→ **EXERCISE**: Go through the listing below and write out exactly the lines from the one that mentions "Видео рецепт жареной" through the one that mentions "You are currently", minus the pictures.

→ **THE INPUT**:
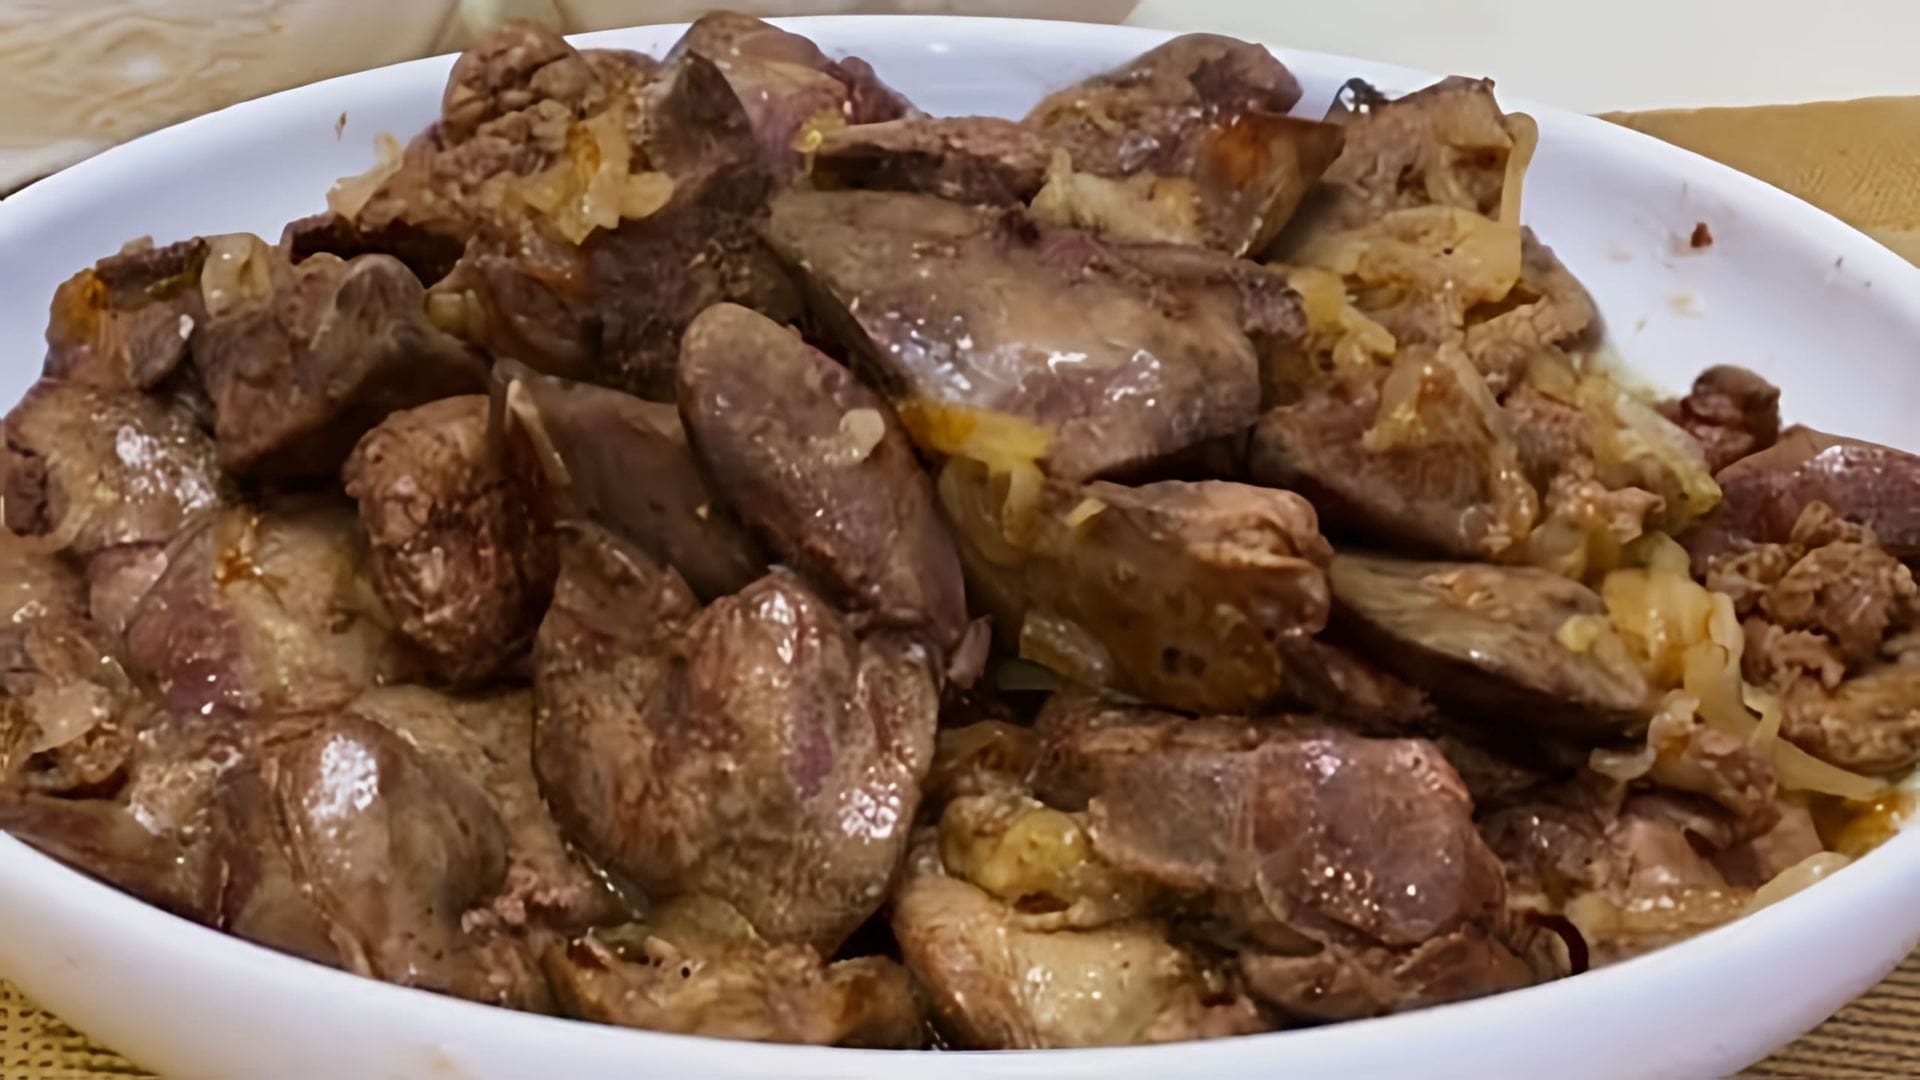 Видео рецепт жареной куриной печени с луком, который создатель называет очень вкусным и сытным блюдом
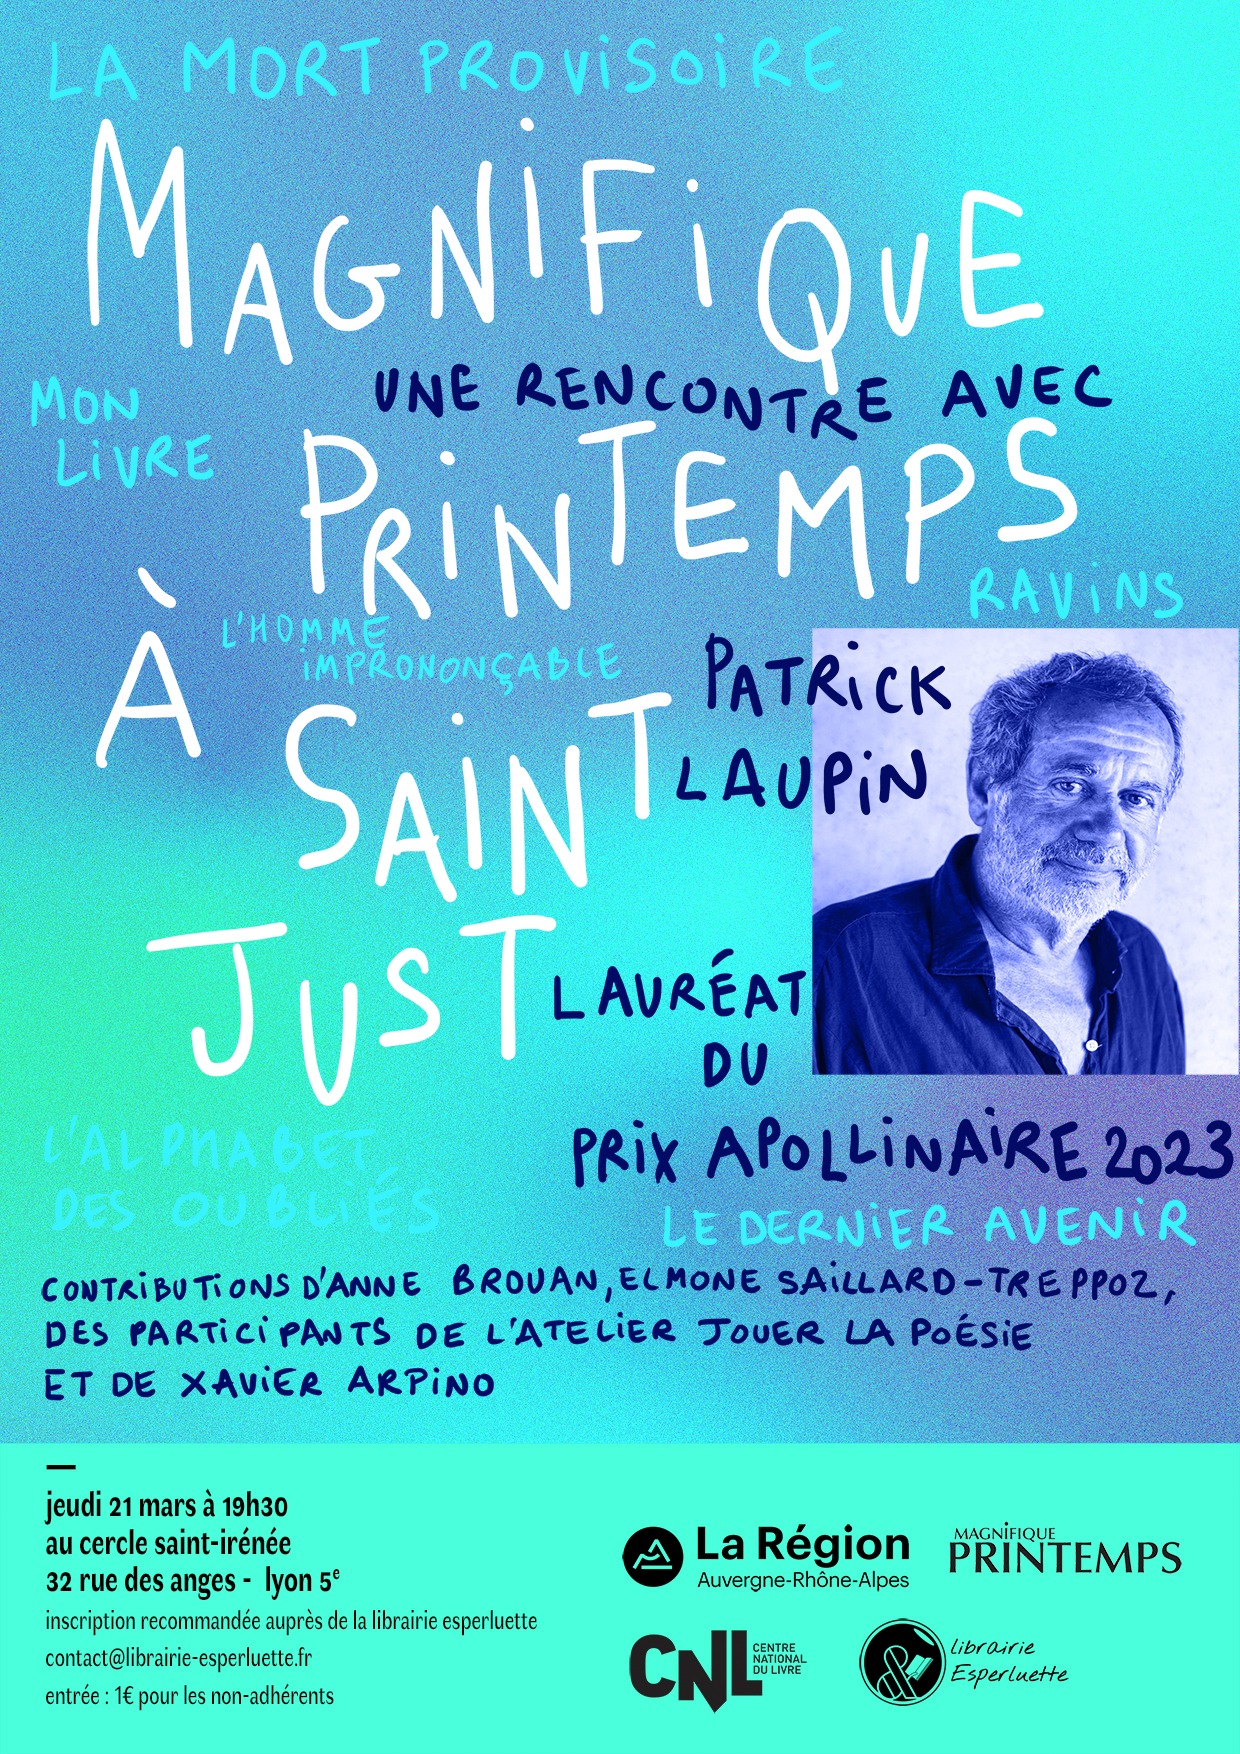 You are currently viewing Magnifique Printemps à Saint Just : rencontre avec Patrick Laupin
* * *
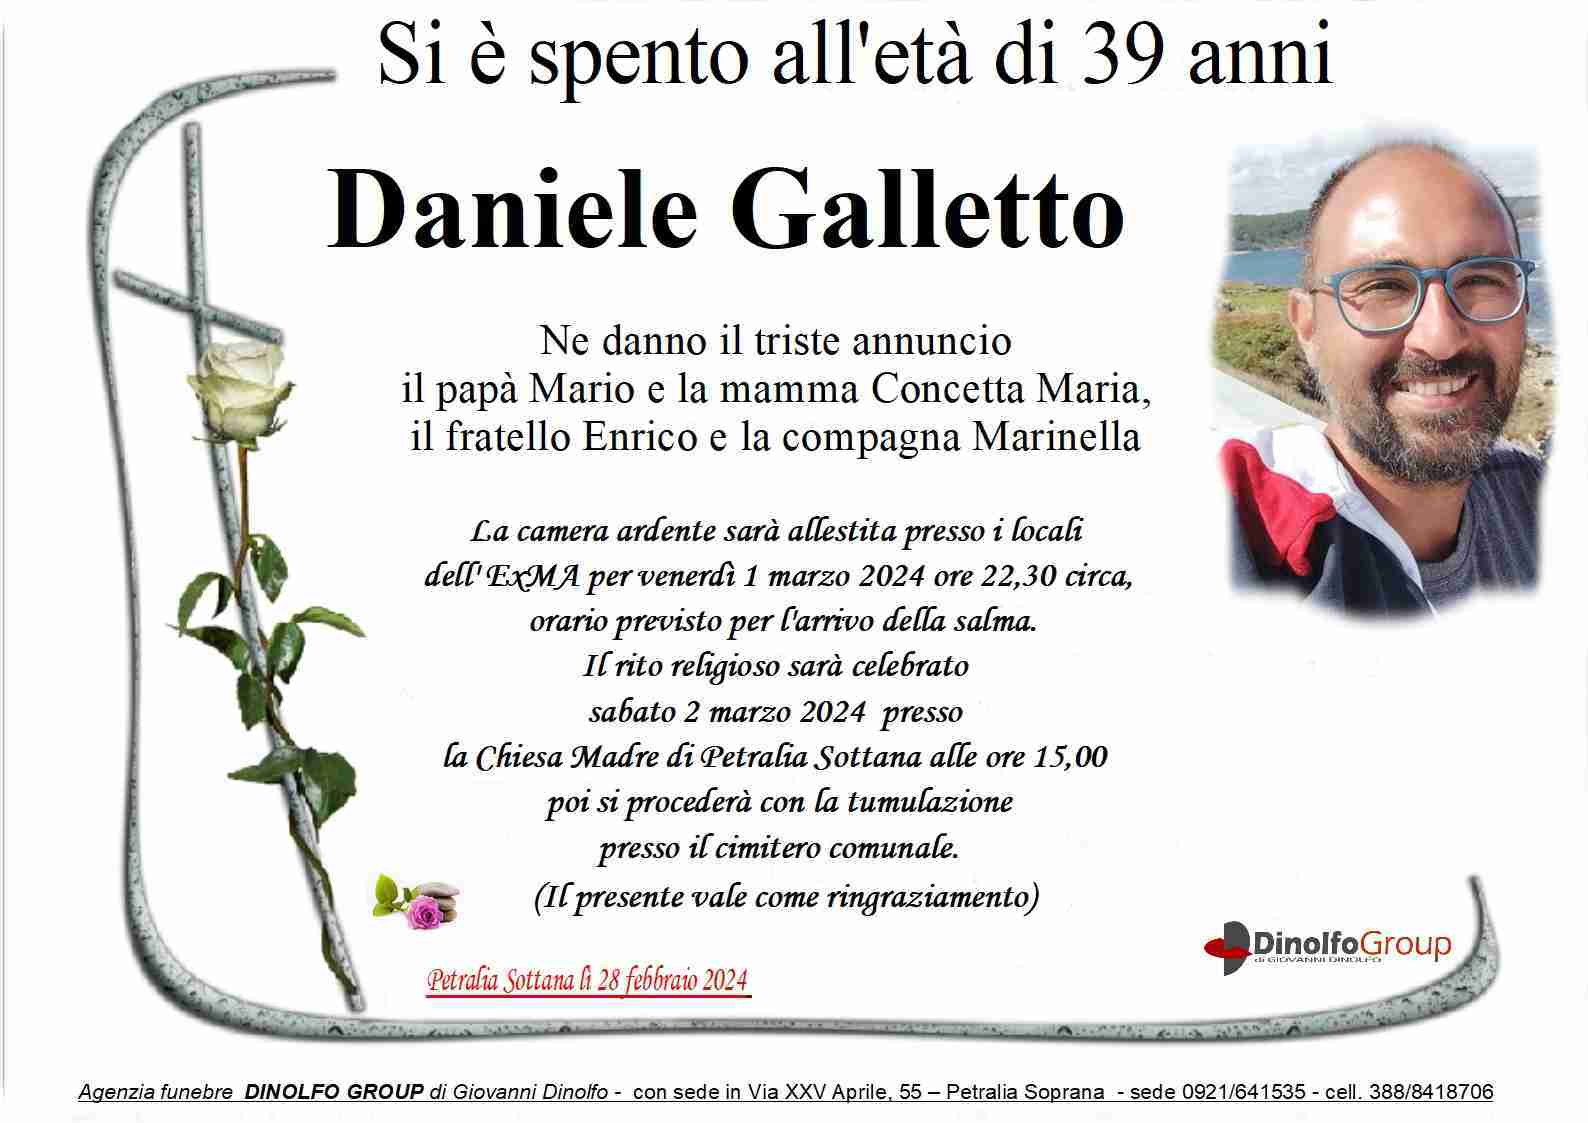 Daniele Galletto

→ **REPLY**:
 Видео рецепт жареной куриной печени с луком, который создатель называет очень вкусным и сытным блюдом
 You are currently viewing Magnifique Printemps à Saint Just : rencontre avec Patrick Laupin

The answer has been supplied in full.